DESCRIPTION OF THE TASK: Repeat only the lines from the one containing "Shop for Louis" to the final line below, exactly as they read, and leave every picture out.

DATA:
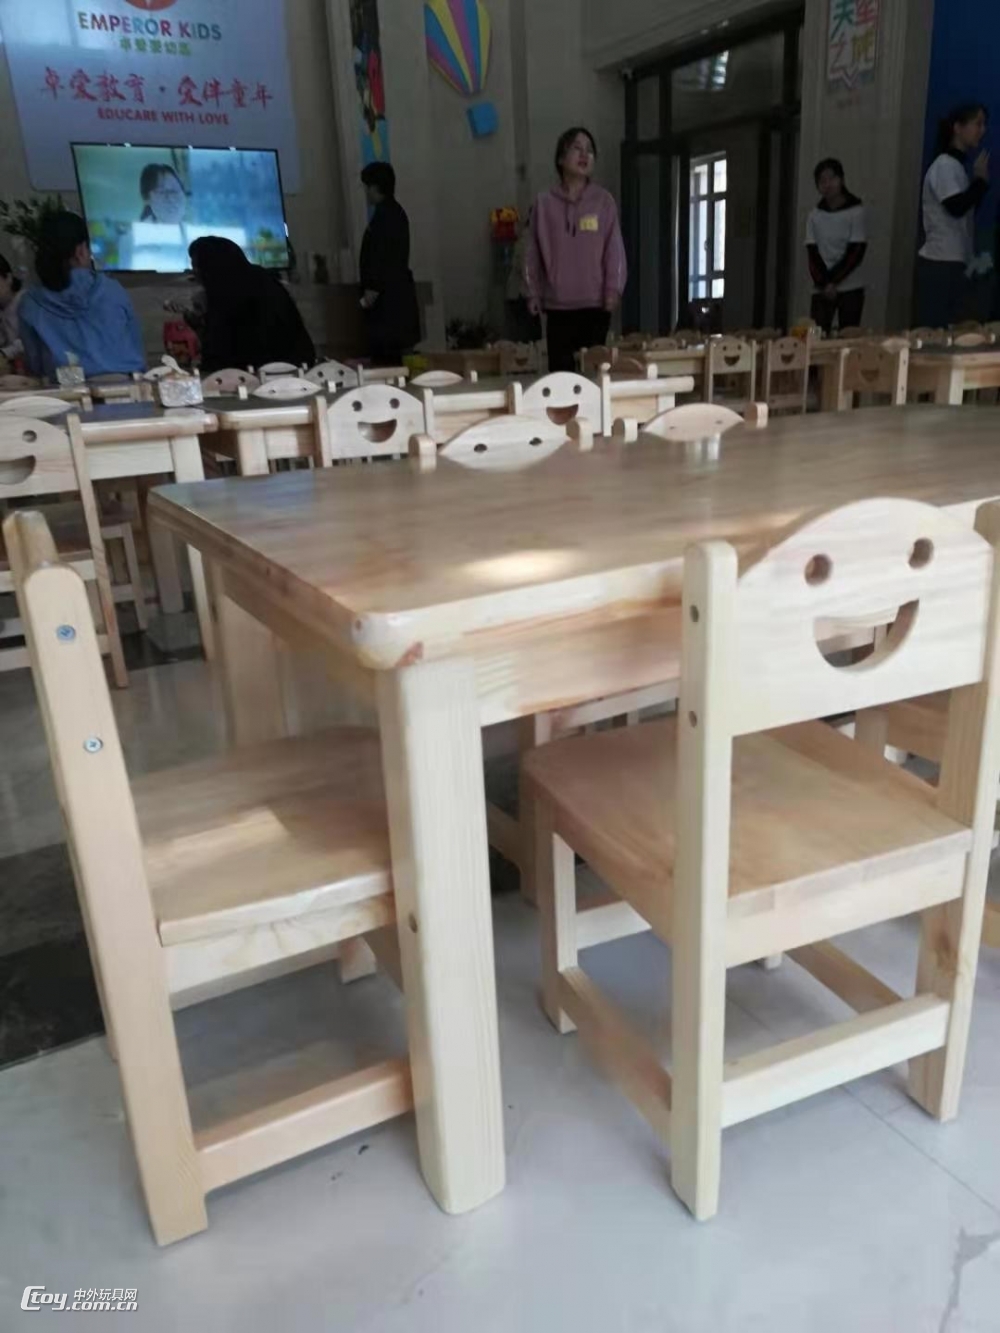 幼儿园实木桌椅/儿童橡木桌/幼儿园笑脸椅/实木桌椅厂家
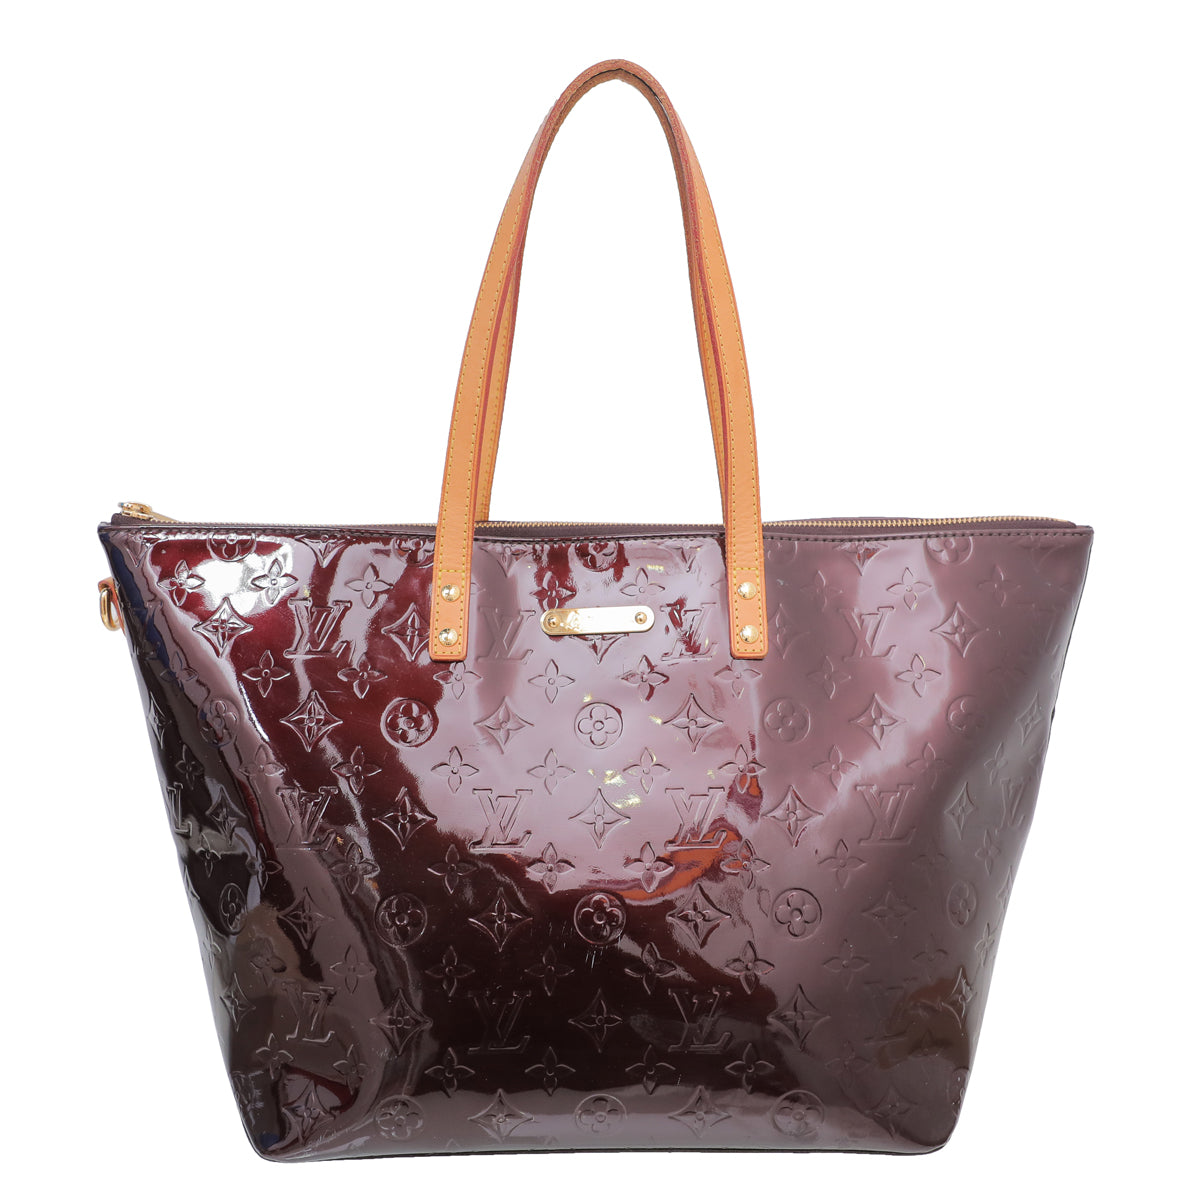 Shop for Louis Vuitton Amarante Vernis Leather Bellevue GM Bag
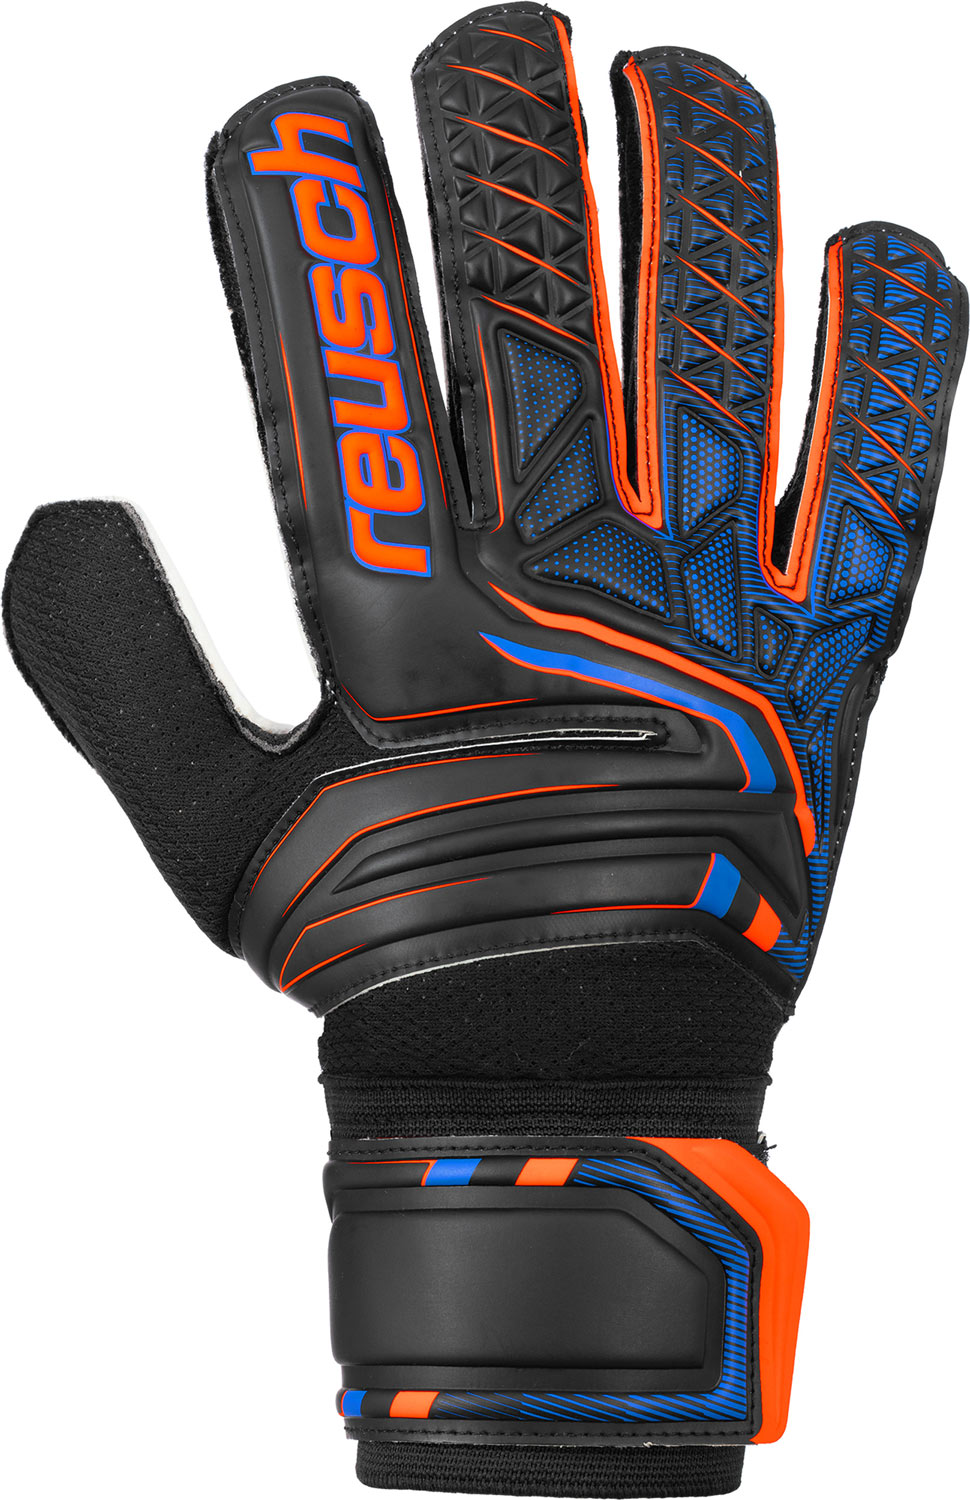 Men’s goalkeeper gloves
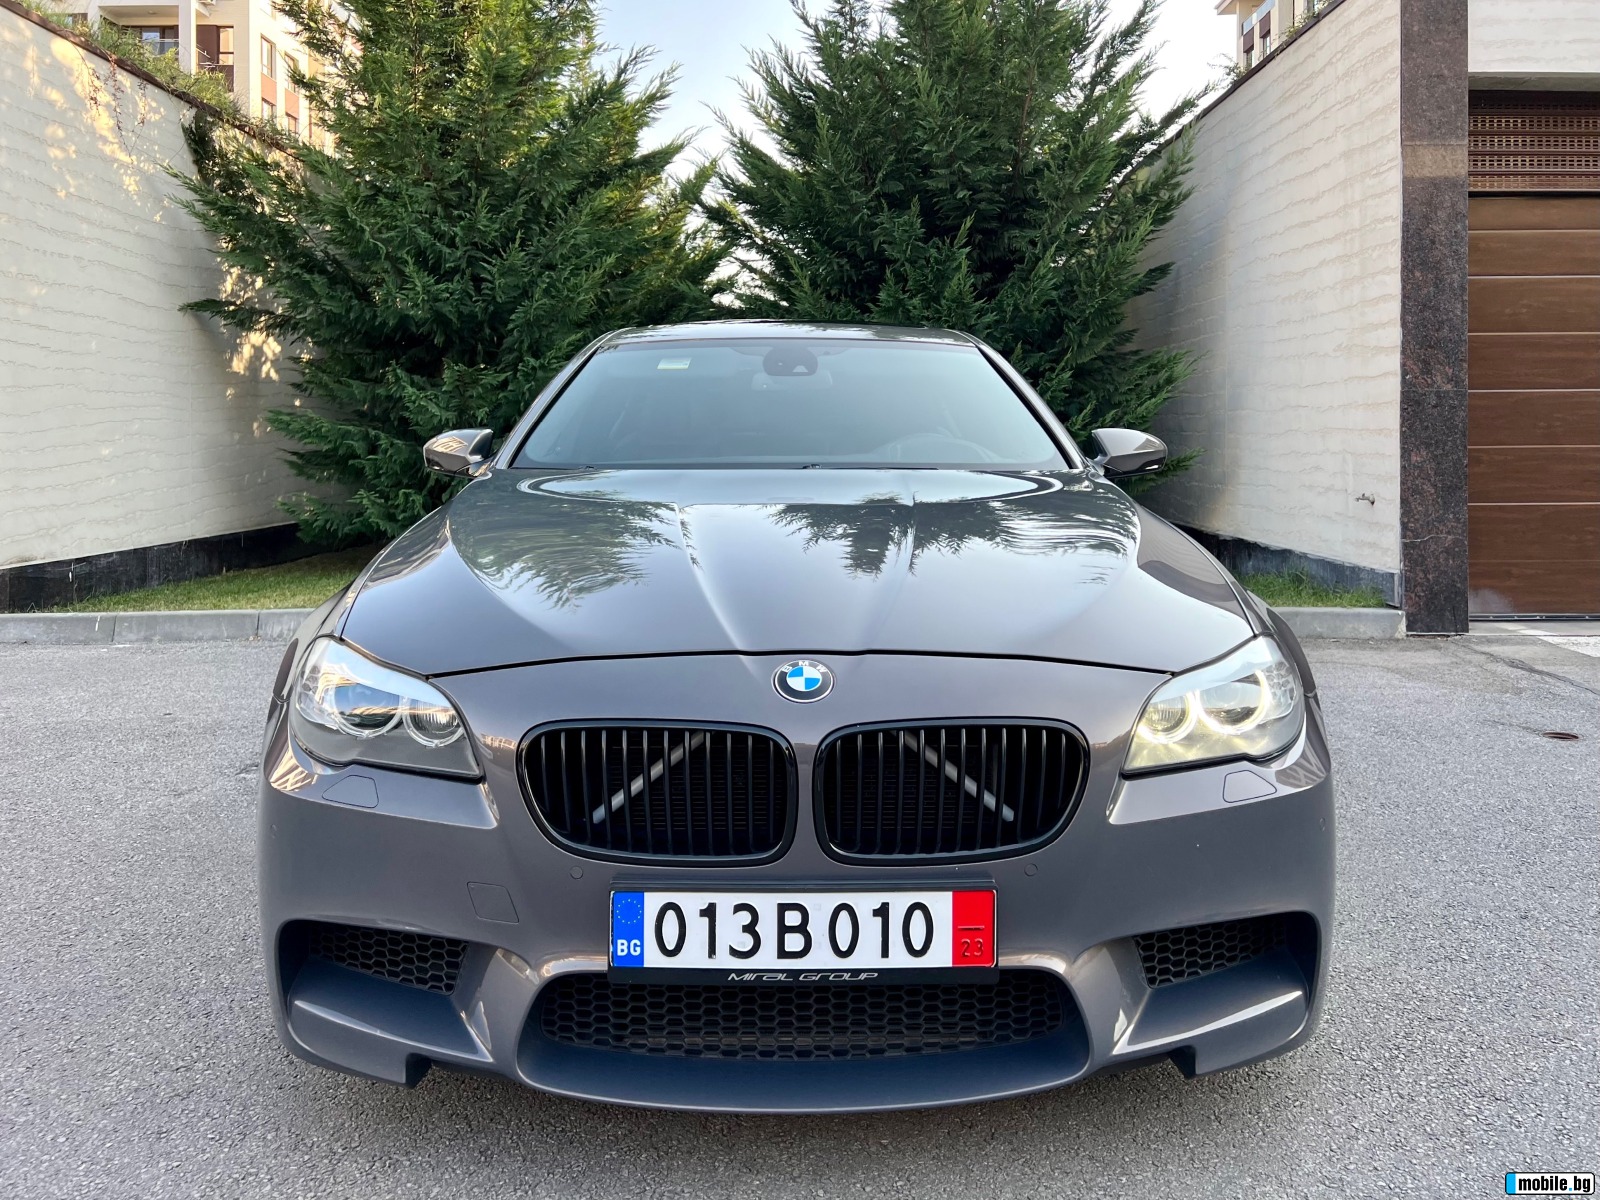 BMW M5 Champagne Quartz Alkantara Obduhvane Podgrev  | Mobile.bg   2

EXERCISE ANSWER:
 Shop for Louis Vuitton Amarante Vernis Leather Bellevue GM Bag
 Men’s goalkeeper gloves
 BMW M5 Champagne Quartz Alkantara Obduhvane Podgrev  | Mobile.bg   2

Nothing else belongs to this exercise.